Тишина повисла в воздухе, нарушаемая лишь приглушенными звуками соджу в рюмках и далеким гулом ночного Сеула. Я чувствовала, как алкоголь медленно, но верно завладевает моим рассудком, уводя в туманное забытье. В этом состоянии все казалось одновременно и простым, и невероятно сложным. Га Ён, с ее решимостью и яростью, вызывала во мне восхищение и страх. Ын У, с его здравомыслием и тревогой, олицетворял собой голос разума, но в то же время казался беспомощным перед надвигающейся бурей.
Внезапно, в голове словно что-то щелкнуло. Идея, безумная и отчаянная, но такая заманчивая, начала обретать форму. Если Га Ён права, и месть неизбежна, то почему бы мне не стать той, кто ее осуществит? Нельзя позволить ей в одиночку бросаться на этого психа. Я должна защитить ее, даже если это будет означать, что придется переступить через свои страхи и окунуться в мир, о котором я ничего не знаю.
— Постойте, — вдруг произнесла я, привлекая внимание друзей. — Я знаю, что делать.
Они оба уставились на меня, ожидая продолжения.

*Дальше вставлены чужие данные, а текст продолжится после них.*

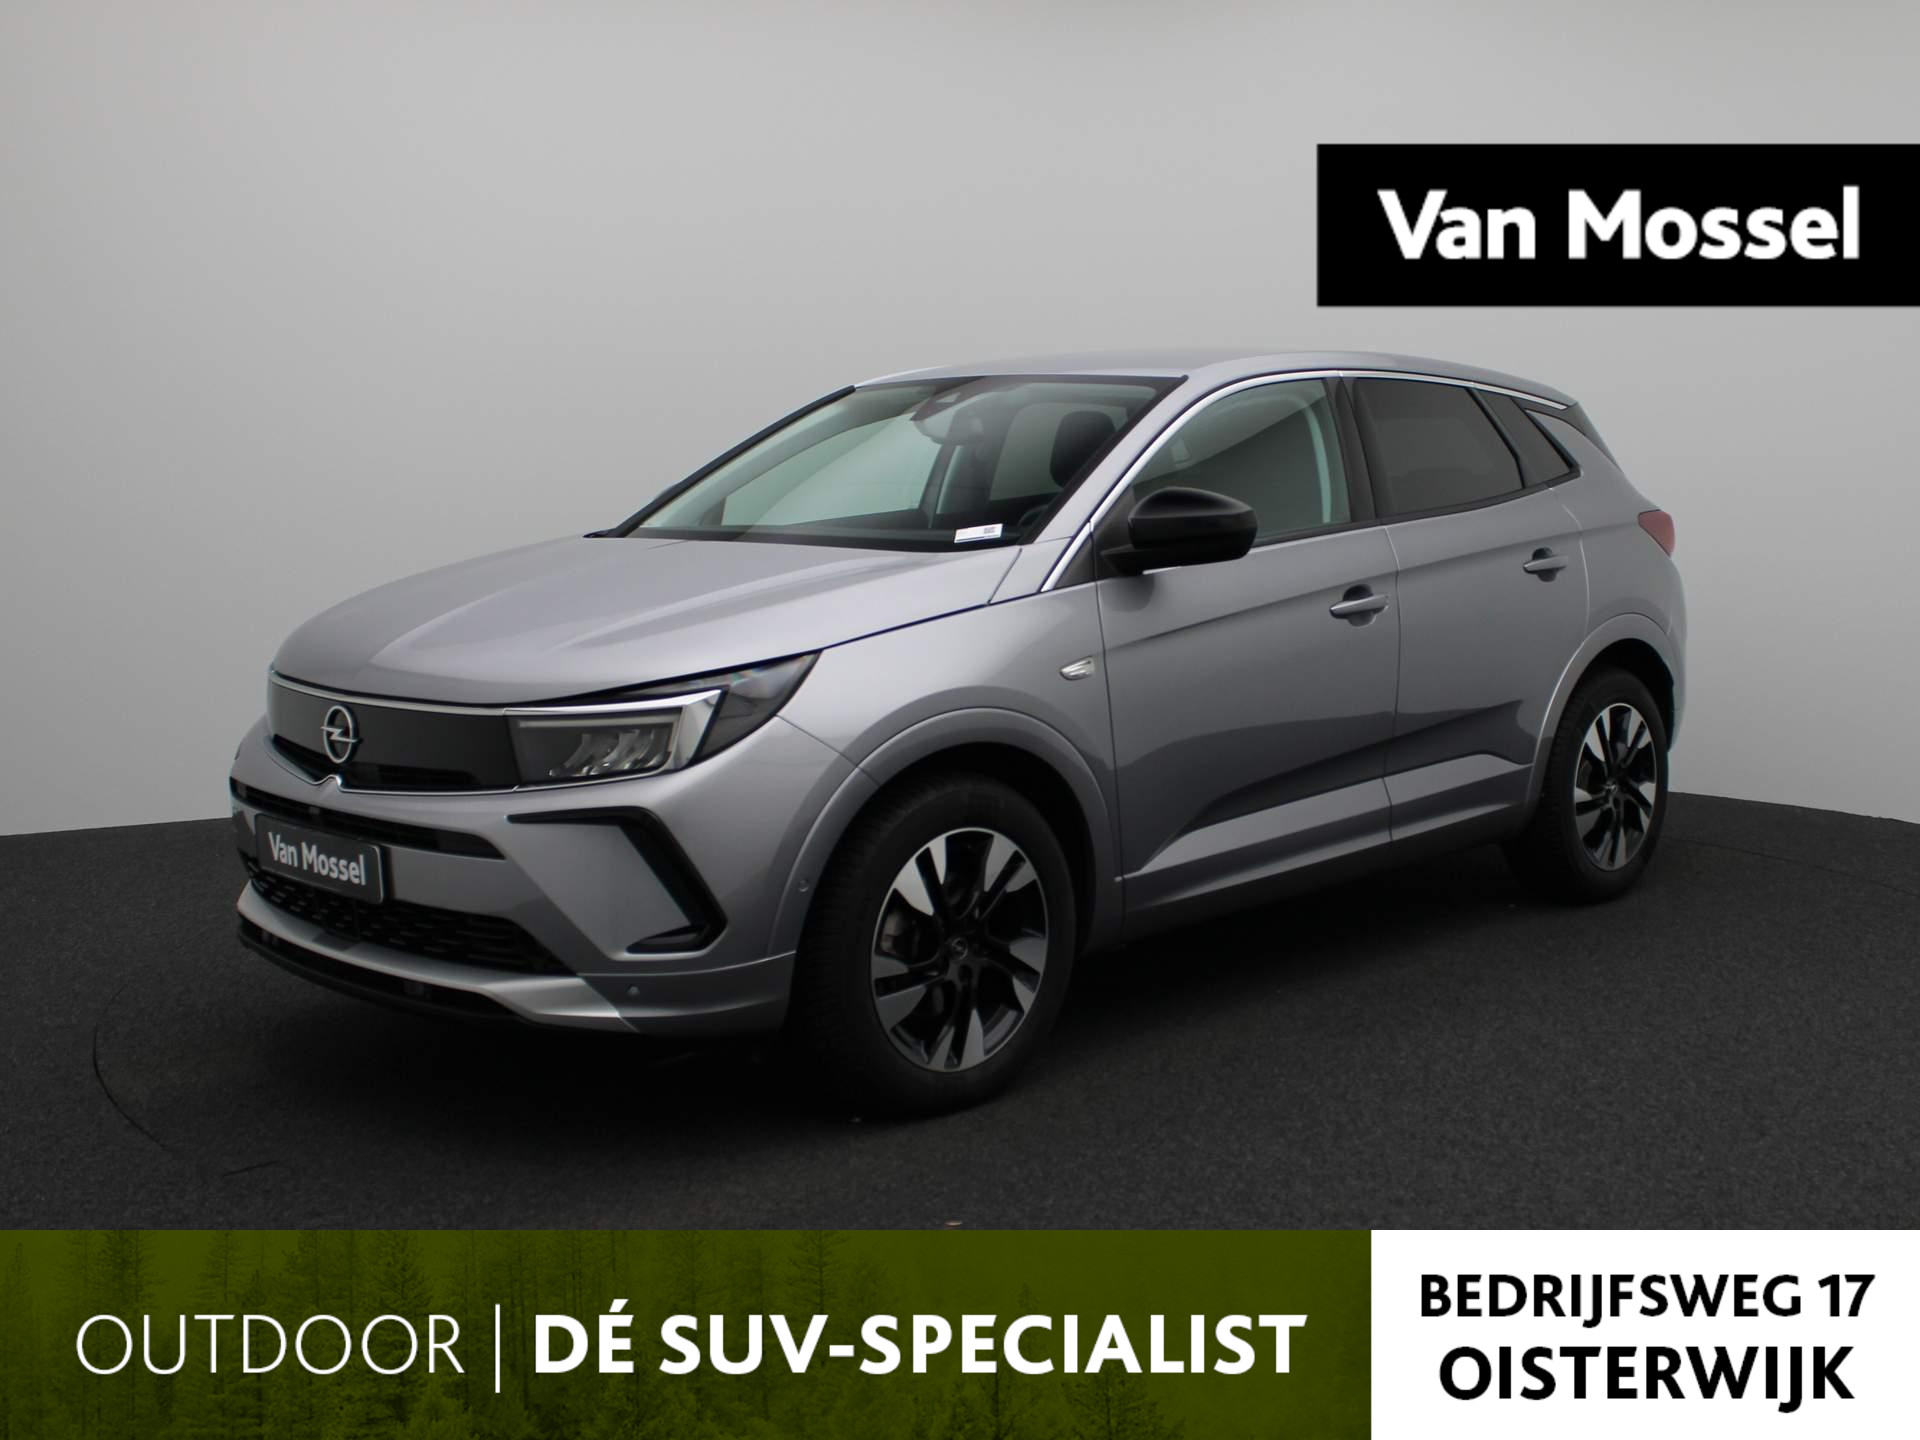 Opel Grandland 1.2 Turbo Business Edition | AUTOMAAT | NAVIGATIE | ACHTERUITRIJCAMERA | CLIMATE CONTROL | CRUISE CONTROL | LED KOPLAMPEN | APPLE CARPLAY / ANDROID AUTO |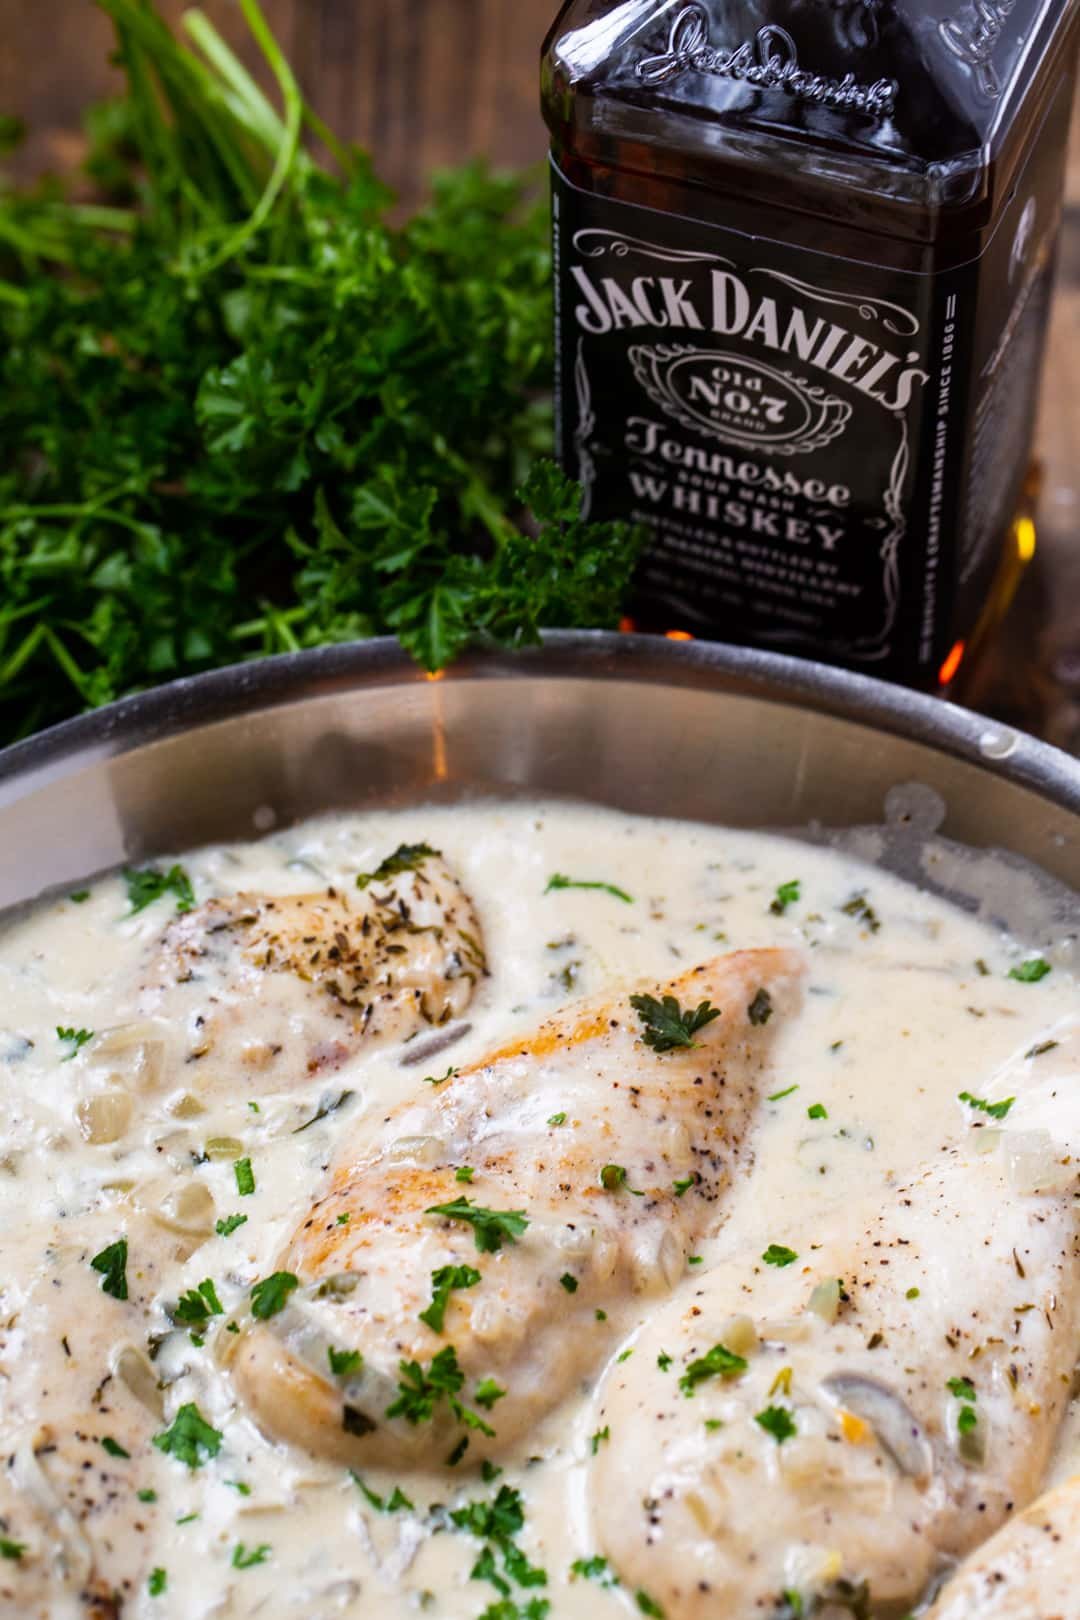 Chicken and creamy sauce in skillet and bottle of Jack Daniels.

В их взглядах читалось недоумение и легкое опасение. Я глубоко вздохнула, собираясь с мыслями.
— Я буду участвовать в следующих гонках, — выпалила я, стараясь придать своему голосу уверенность, которой я совсем не чувствовала. — И я выиграю У До Хвана.
После моего решительного признания повисла тишина, словно застывший воздух перед бурей, которую неминуемо предвещал мой предательский ик. Га Ён и Ын У, до этого момента притихшие, разразились оглушительным смехом, как будто прорвалась плотина сдерживаемых эмоций.
— Чарли, стоп! Больше ей не наливать! — сквозь приступы хохота выкрикнул Ын У.
— А я-то думала, что я здесь самая пьяная! — пробормотала Га Ён, едва сдерживая смех. Ее глаза лучились весельем.
— О, такси прибыло! — Ын У, наконец, уняв свой смех, взглянул на экран телефона.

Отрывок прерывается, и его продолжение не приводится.